An earnout provision in a business sale refers to a transactional tool used to compensate a seller for future profits or sales. It is a contingent provision of the purchase price and is typically an amount paid in addition to the base purchase price.
An earnout provides for additional compensation to the seller if the financial performance of the company exceeds certain pre-determined levels. An earnout provision can provide real advantages to both the buyer and seller. Some circumstances are particularly conducive to a transaction structure with an earnout component. An acquirer customarily wants to buy based on today’s earnings or sales and conversely the seller seeks a price based on tomorrow’s profits or sales due to the “potential” of the business. Situations in which an earnout may apply include: If the price gap between buyer and seller valuation is significant, an earnout can be a reasonable method to bridge this difference based upon actual future results. For example, a seller may believe the company is poised for substantial expansion and therefore deserves an aggressive or premium price. An earnout rewards the seller financially should the expansion materialize but will not penalize the buyer if the expansion does not take place. If the business is heavily dependent on the seller’s relationships, an earnout can incentivize the seller to properly transition these relationships after the closing. It also creates an additional incentive for the seller to remain with the company in a productive capacity post closing. If the company is introducing new products or services that are not reflected in historical performance and have yet to materialize into tangible sales and earnings, an earnout provides the seller with an opportunity to reap the rewards on the investment made prior to the closing. This is also applicable to situations in which the firm may be losing money, but is turning the corner toward profitability. The company may have major customer concentrations or may be on the verge of receiving a very large contract or order. An earnout enables the seller to be compensated for these events without adversely affecting the buyer should they not materialize.

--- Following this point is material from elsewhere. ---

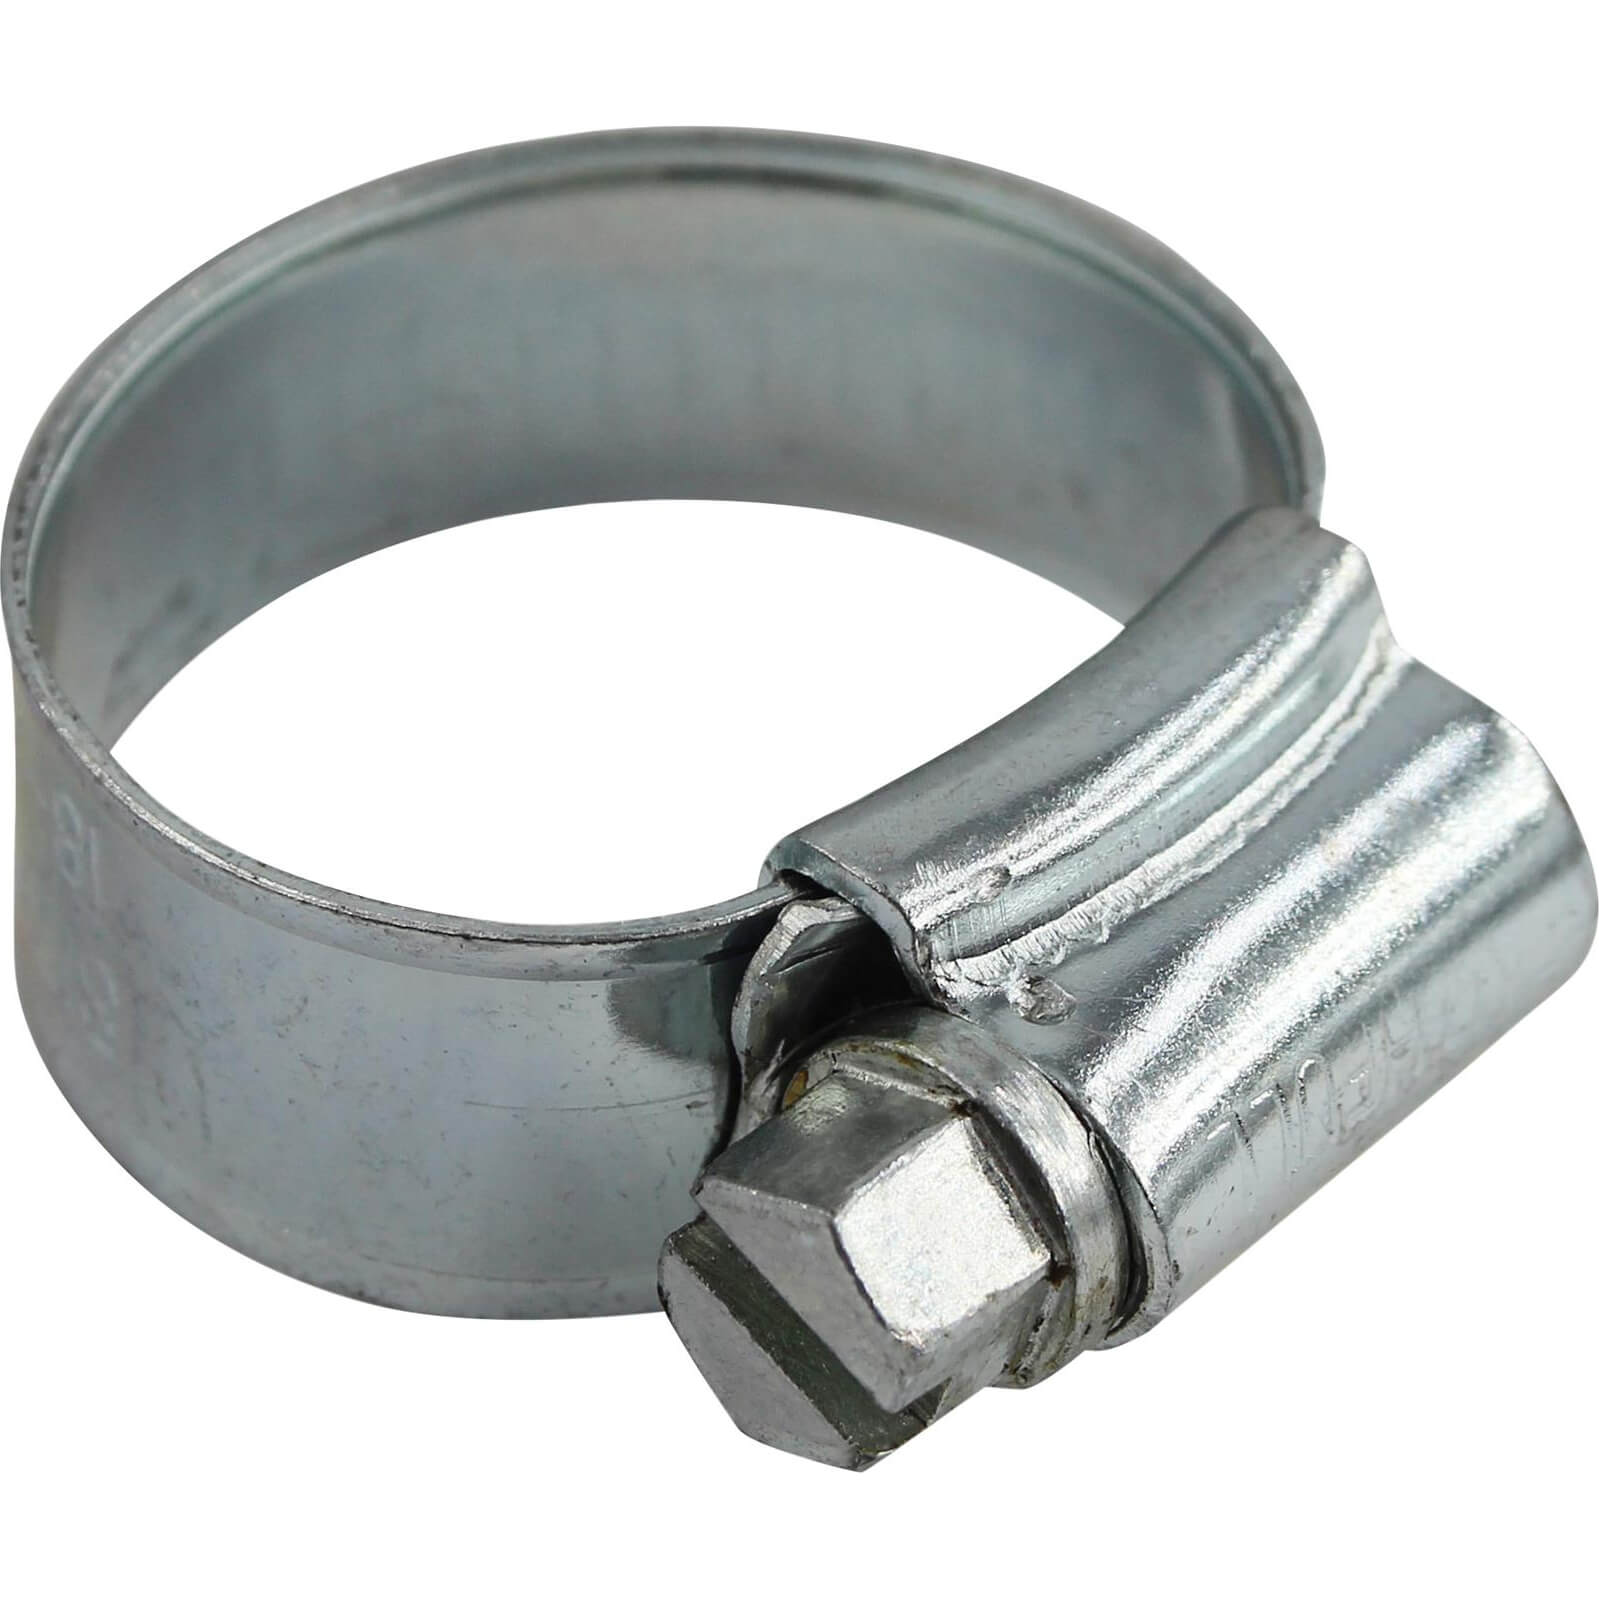 Image of Faithfull Zinc Plated Hose Clips 18mm - 25mm Pack of 1

Many professionals think that earnouts should only be used if absolutely necessary to complete the transaction. Possible reasons why earnouts may not be appropriate include: The seller does not intend to remain with the company for the earnout period. In that case, a seller may not be interested in an earnout if they have no control over the company’s performance.
- In the event the buyer and seller do not have a comfort level with one another, it would be difficult to implement a mutually acceptable earnout.

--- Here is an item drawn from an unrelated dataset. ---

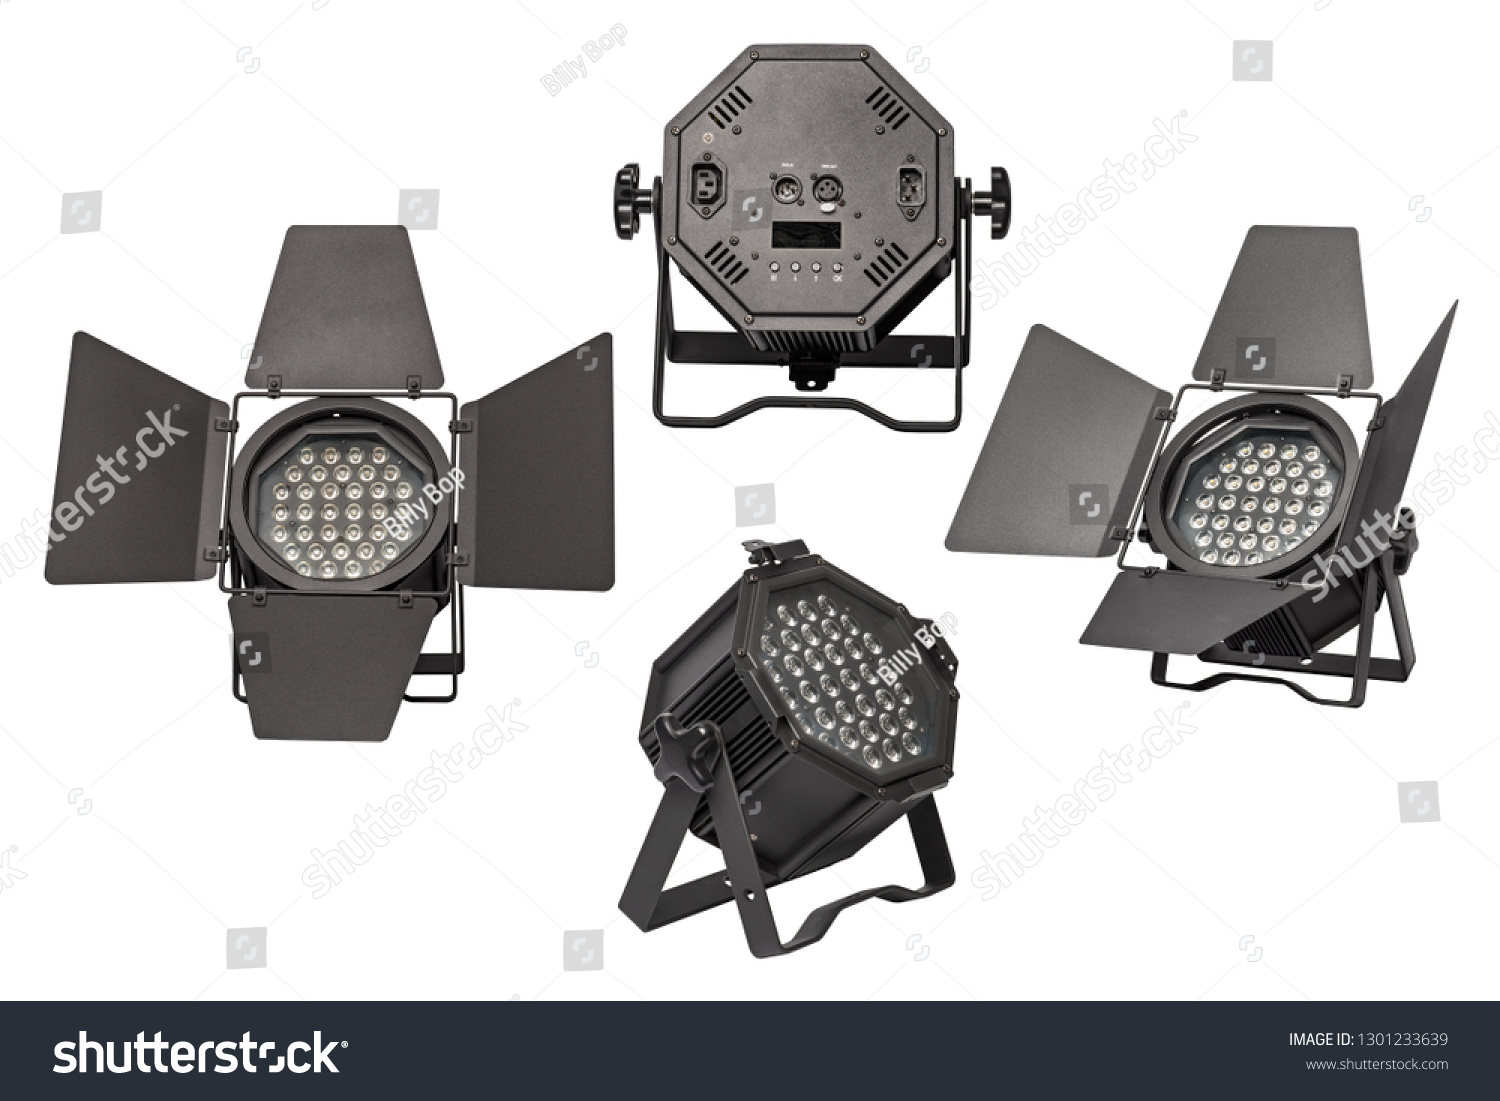 THEATRE STAGE SPOTLIGHT FOOTLIGHT. LED Theatre Spotlights Lamp Lights with Barn Doors. LED Theatre Stage Lighting. Concerts Video Film Studio Production Staging Lights. Isolated on white background #1301233639

- Earnouts can be difficult to administer and may complicate a transaction that would otherwise be straightforward and well defined.
- It may be difficult to determine the future variable to which the earnout will be linked (i.e. sales, gross profit, net profit, etc.)
Deciding what to use as a benchmark is one of the preliminary points to determine in structuring an earnout. Should the benchmark be linked directly to gross sales, gross profit or pre-tax net profit? It is risky for a seller to allow net profit to serve as the benchmark since the buyer can control net profitability by increasing selling, general & administrative expenses, thus lowering net earnings. The downside for the acquirer in allowing the earnout to hinge on sales is that the seller may be incentivized for unprofitable sales. A compromise solution is to link the earnout to a specifically defined formula to determine gross profit. For example, in a distribution business it may be gross sales less cost of product and freight in. In a manufacturing or service business, it may be gross sales less material costs and direct labor costs. This rewards profitable sales and removes discretionary operating expenses from the equation. An earnout is usually based upon an incremental amount above a base performance level. The base purchase price is already accounted for in the guaranteed portion of the purchase price (cash and promissory note). The earnout component therefore will apply to incremental amounts. It can also be structured to work on a cumulative basis so shortfalls in one period can be made up for by a strong future period. Non-operating income and any sale of non-producing assets are normally excluded. An earnout period typically ranges from one year to five years.
In today’s economy, where rapid changes are commonplace, technology is fast-paced and there is a high degree of uncertainty, an earnout provision may be an appropriate solution to make the deal work. It can be structured as a “win-win” since the buyer is happy to pay the additional purchase price if there is additional revenue with which to pay it. The seller benefits by only sharing in the profit, while the acquirer assumes all of the risk. However, an earnout will only work well if it is carefully structured and fairly benefits both sides of the deal.